25 de abril de 2011

XIII

Lo que pasó en Burgos cambió mi vida para siempre. Ojalá hubiera muerto yo en vez de ver mi flor querida marchitando en mis manos. Desde aquel día fatal me hago preguntas a las que no existen respuestas.
Lo recuerdo perfectamente… El jueves, día 17 de septiembre, te despertaste cansado y malhumorado. Pensaba que eran los problemas políticos que te hacían sentir mal. Los nobles castellanos y el alto clero ya no ocultaban su gran antagonismo contra ti, se oía a gente susurrar que me aislabas  forzosamente, la política de mi padre hacía a otros reyes volver la espalda a ti... Todo llevaba a una inevitable guerra civil.
Sin embargo no dejaste llevar la vida normal llena de fiestas y placeres.
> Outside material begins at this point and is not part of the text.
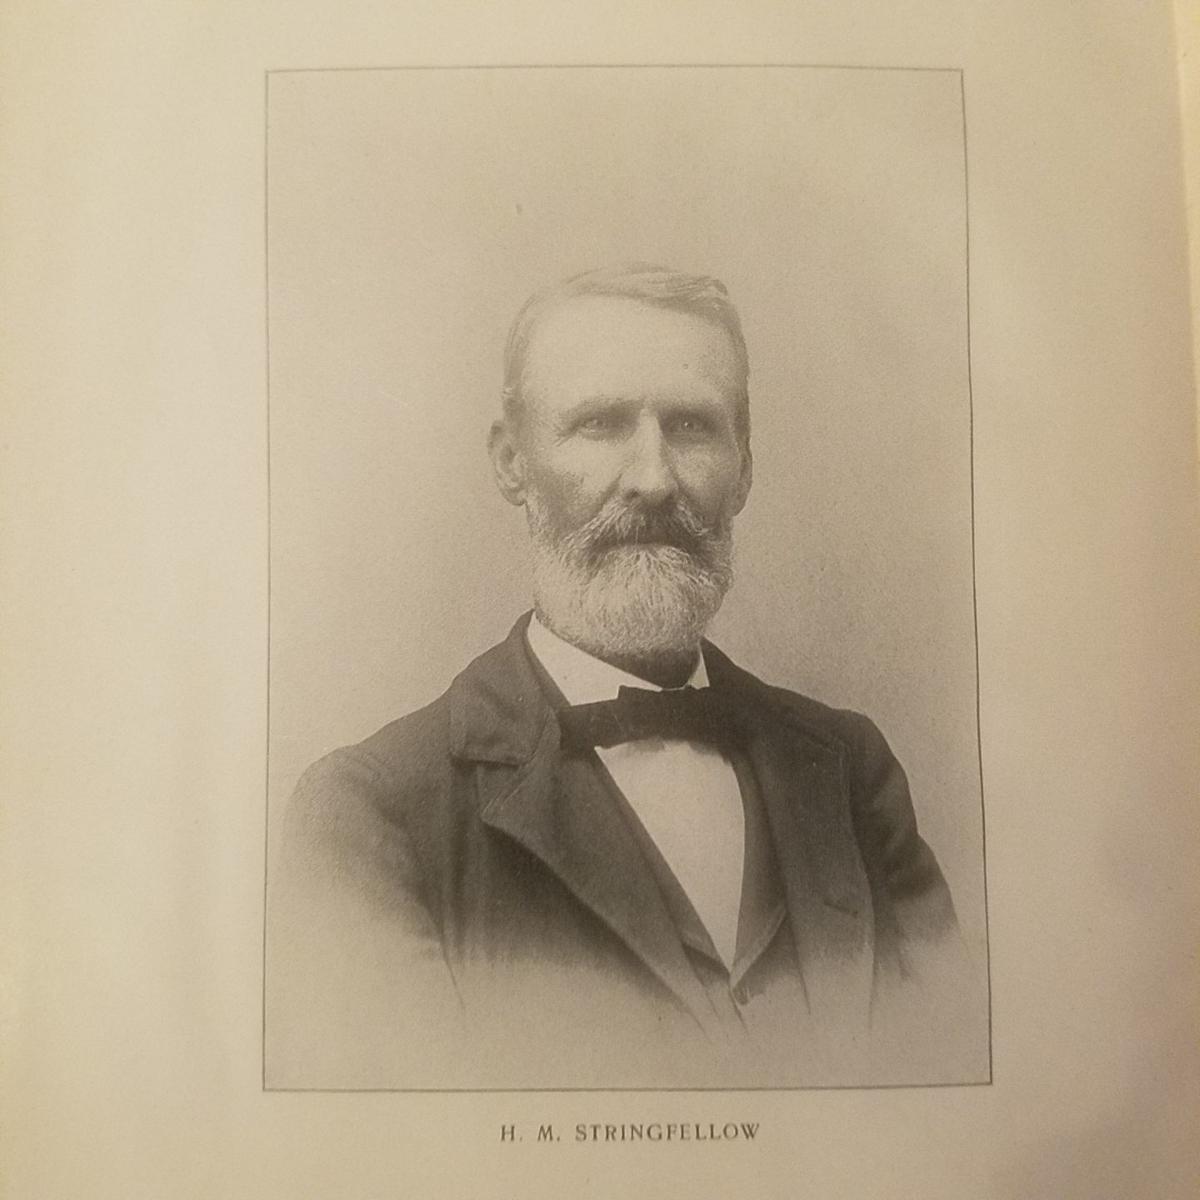 H.M. Stringfellow
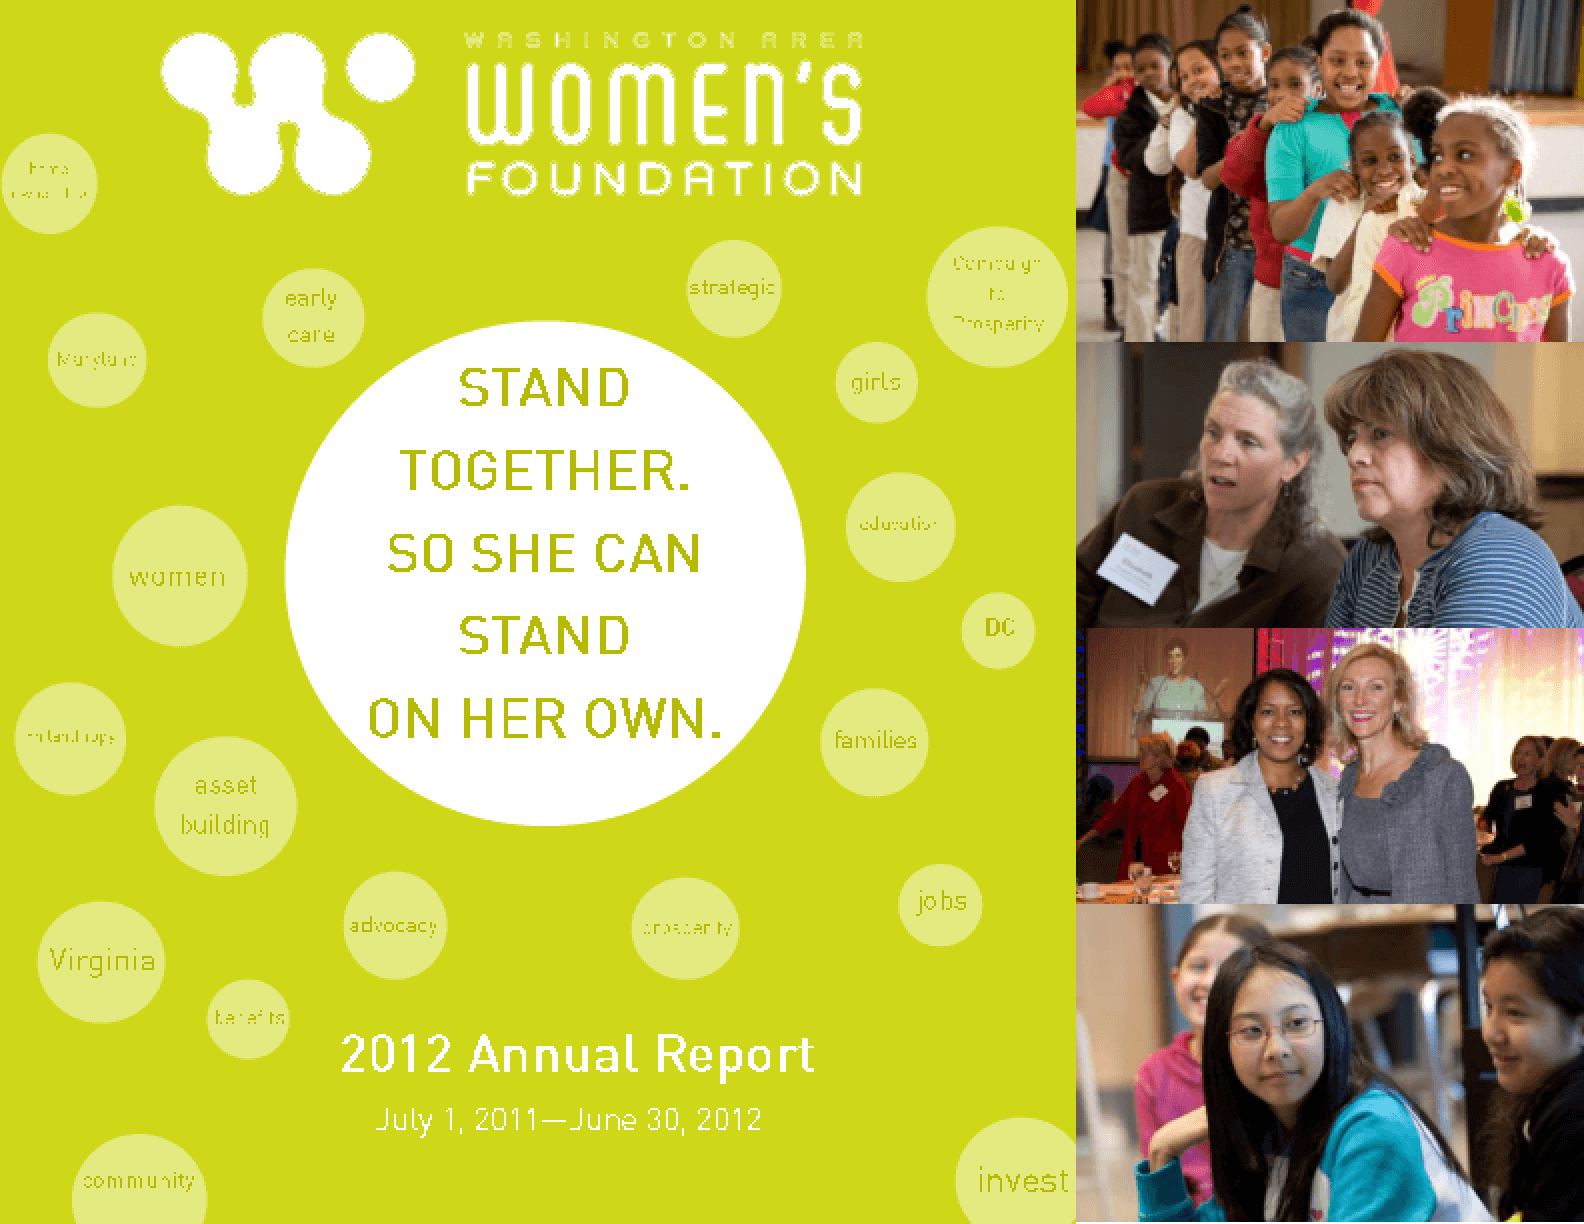 Washington Area Women's Foundation 2012 Annual Report

El mismo jueves fuiste a cazar. ¿Por qué no dijiste a tus médicos que entonces ya sentías la fiebre? ¿Tanto te molestaba admitir que tú, Felipe el Hermoso, el Fuerte, el Invencible… que tú estabas perdiendo la lucha con la enfermedad?
El sábado resultó imposible ocultar más la inesperada pérdida de fuerzas. Tu cuerpo temblaba en escalofríos. Hasta el domingo empezaste a sentir dolor en un costado y escupir con la sangre. Sólo Dios sabe cuánto miedo sentí al ver tu sangre oscura en la sábana blanca de tu cama.
Desde entonces no te abandoné en ningún  momento, seguía despierta, sin descanso, la única fiel de tus mujeres, mirando con amor tu rostro que tan rápidamente perdía su brillo. Ni una lágrima mojó mis mejillias pálidas, ni una mueca de dolor turbó la calma pintada en mi rostro.
Mi tranquilidad provocó rumores. Gente indigna decía que yo, la que más te amaba, te había envenenado por haberte visto con otras mujeres. Otros decían que fue mi padre quien te había matado por causas políticas. Cada acusación se clavaba en mi corazón como un estilete. Pero yo seguía cuidándote hasta la muerte aguantando el susurro acusatorio con dignidad de la reina.
Fui la persona a la que regalaste la última mirada. Mirada llena de miedo y de amor. Me rogaste con aquel grito silencioso que te salvara. Pero lo único que pude hacer fue inclinarme y poner el último beso en tus labios fríos.
No quise permitir que otros se encargasen de organizar celebraciones funerarias. El papel de tu mujer me obligó a hacer todo lo posible para que tu entierro fuera digno a tu condición. Tu cuerpo puesto en un catafalco fue vestido en la mejor prenda decorada con joyas. Estuviste hermoso con la piel pálida y los ojos cerrados. Parecía que te despertarías con un tacto de mi mano tierna. No me dejaron tocarte. No me dejaron estar contigo. “La reina está loca” decían alejándome de ti.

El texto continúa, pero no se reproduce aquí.